A more modern approach is to brew this type of antibody in the lab, something Regeneron Pharmaceuticals and other companies are working on. Using blood from COVID-19 survivors is a decidedly more labor-intensive approach.
How is the plasma extracted?
Blood banks take plasma donations much like they take donations of whole blood; regular plasma is used in hospitals and emergency rooms every day. If someone’s donating only plasma, their blood is drawn through a tube, the plasma is separated and the rest is infused back into the donor’s body. Then that plasma is tested and purified to be sure it doesn't harbor any blood-borne viruses and is safe to use.
For COVID-19 research, the difference would be who does the donating – only confirmed people who have completely recovered from the coronavirus. The Turkish Red Crescent says medical experts will measure how many antibodies are in the unit of donated plasma and then from there, figure out what's a good dose for each individual.
Kınık said survivors would be able to donate up to two times, 400 milliliters each time. The first batch would be collected on the 14th day after recovery and the second would be collected a week later. This donation process could also be done more frequently with lesser amounts of plasma collected in one go, he added.
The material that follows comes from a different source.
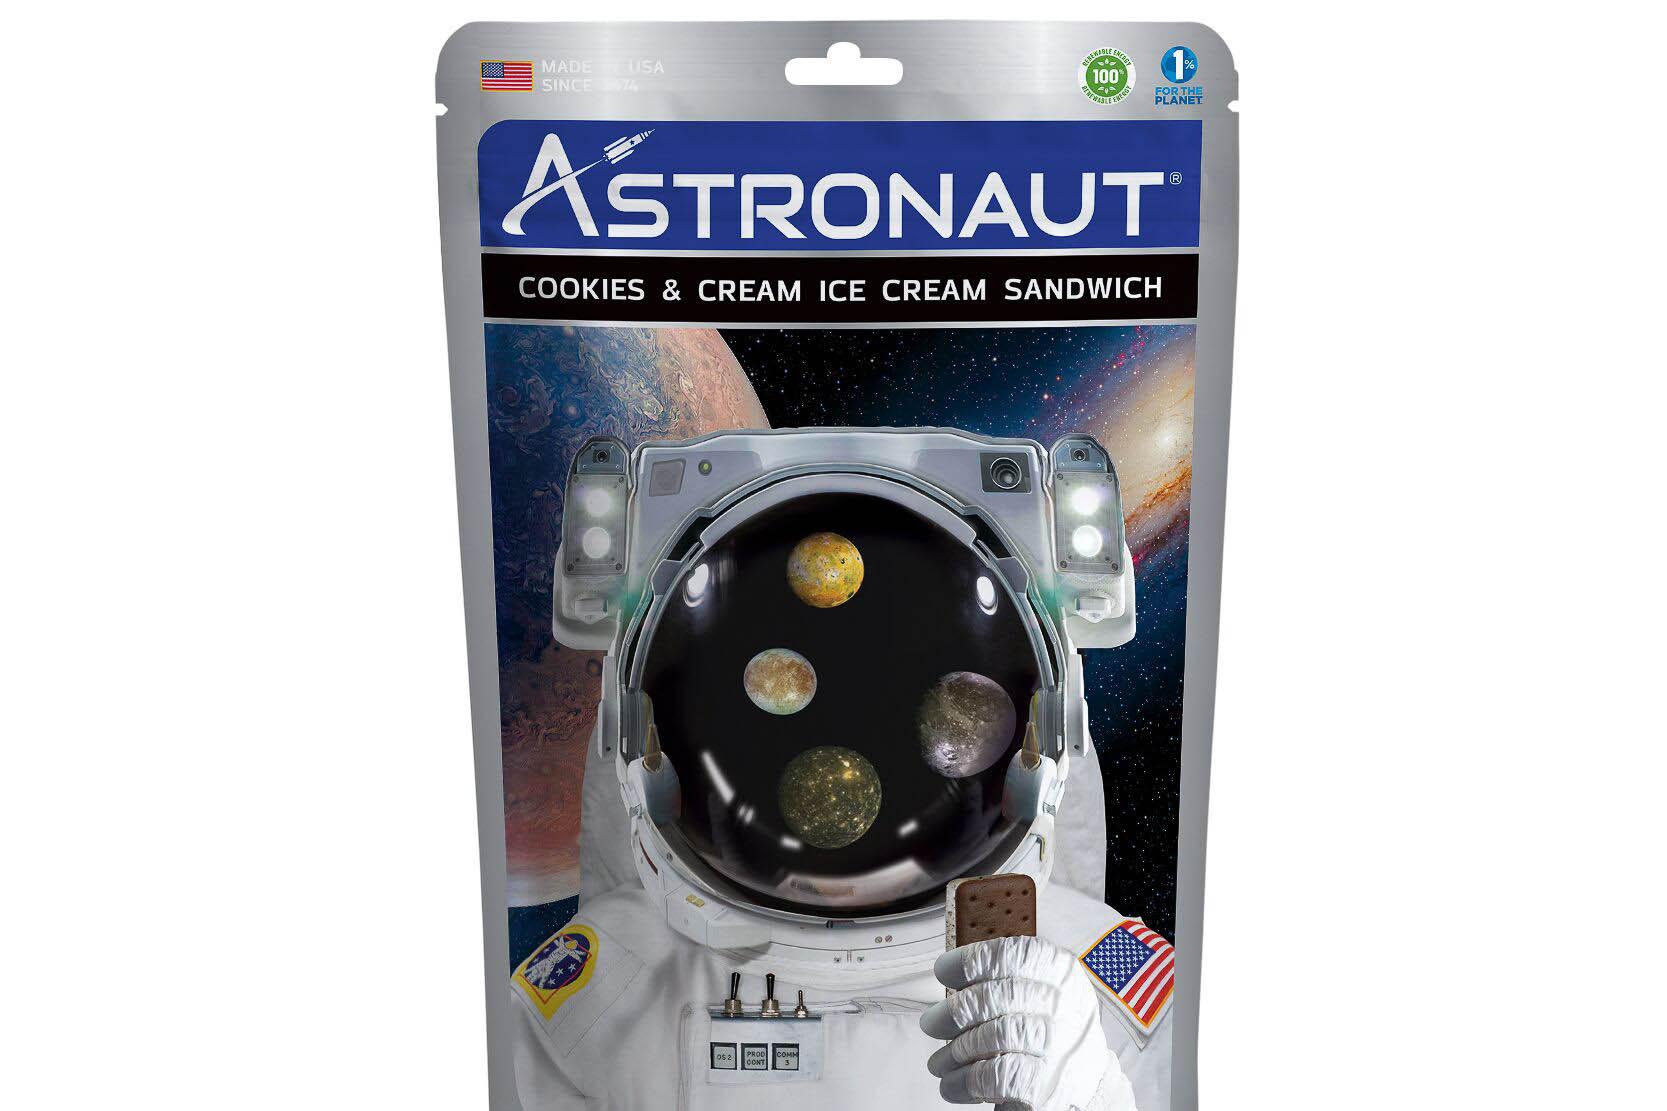 Astronaut Ice Cream Sandwiches

A healthy patient will be able to donate up to two times, possibly saving two lives.
"Here, 14 is the magical number," he said, adding: " After you recover from a disease like COVID-19, your blood has many fighters, or anti-coronavirus antibodies called anti-SARS-CoV-2s in this case. These peak in a recovered patient's blood on the 14th day after recovery."
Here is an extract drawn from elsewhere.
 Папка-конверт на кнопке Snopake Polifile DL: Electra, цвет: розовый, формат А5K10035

Kınık said they aren’t worried about finding volunteer donors but acknowledge that it will take some time to find the appropriate ones and build up a stock.
"We are inviting all those eligible to stop by our centers 14 days after they have recovered. We will also be in contact with them, calling to invite them to the designated centers."
Who can donate?
There are several prerequisites to be a plasma donor as part of the scheme. Kınık says the first and most important one is that the patient must have tested positive for the coronavirus, so there must be evidence that they were, indeed, infected by it. Secondly, they must be discharged from the hospital and declared virus-free. Then the waiting game begins. 14 days after the patient shows no symptoms of the disease, they are again tested via nasopharyngeal swab, the results of which should be negative for the virus and via blood tests, which see if the patient has produced the necessary antibodies. For this process, Kınık says, they will use the molecular polymerase chain reaction (PCR) method.
Who can't donate?
Those younger than 18 and older than 65, those with chronic illnesses, those taking certain medications such as corticosteroids, those who are pregnant, those who are underweight or suffering from unexplained weight loss as well as those with hepatitis, syphilis or HIV are not allowed to donate.
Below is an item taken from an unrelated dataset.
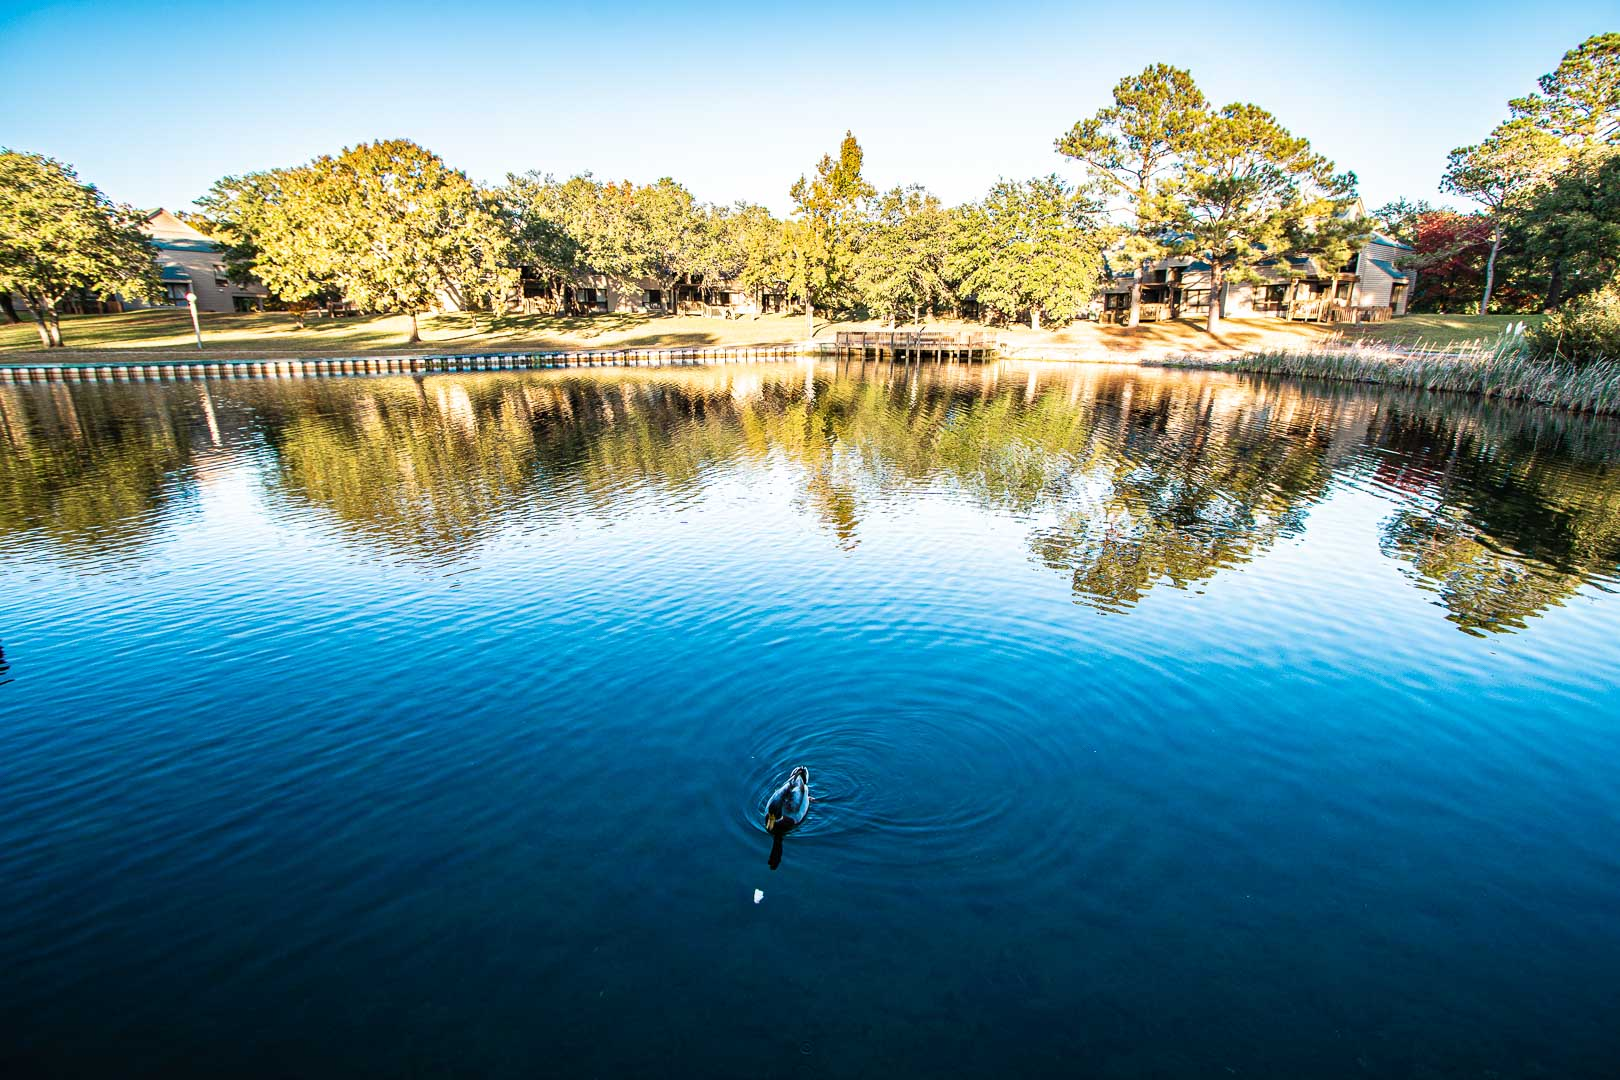 A scenic lake view at VRI's Harbourside II in New Bern, North Carolina.

When will this process start?
Kınık said starting from next week, the Red Crescent and hospitals across Turkey will start collecting plasma.
He said the logistical details are still being worked out, but that they have chosen four hospitals in Istanbul to operate under this scheme and a number of centers for collecting plasma in Ankara and İzmir. The donated plasma will be transferred to the places that need it the most, he added.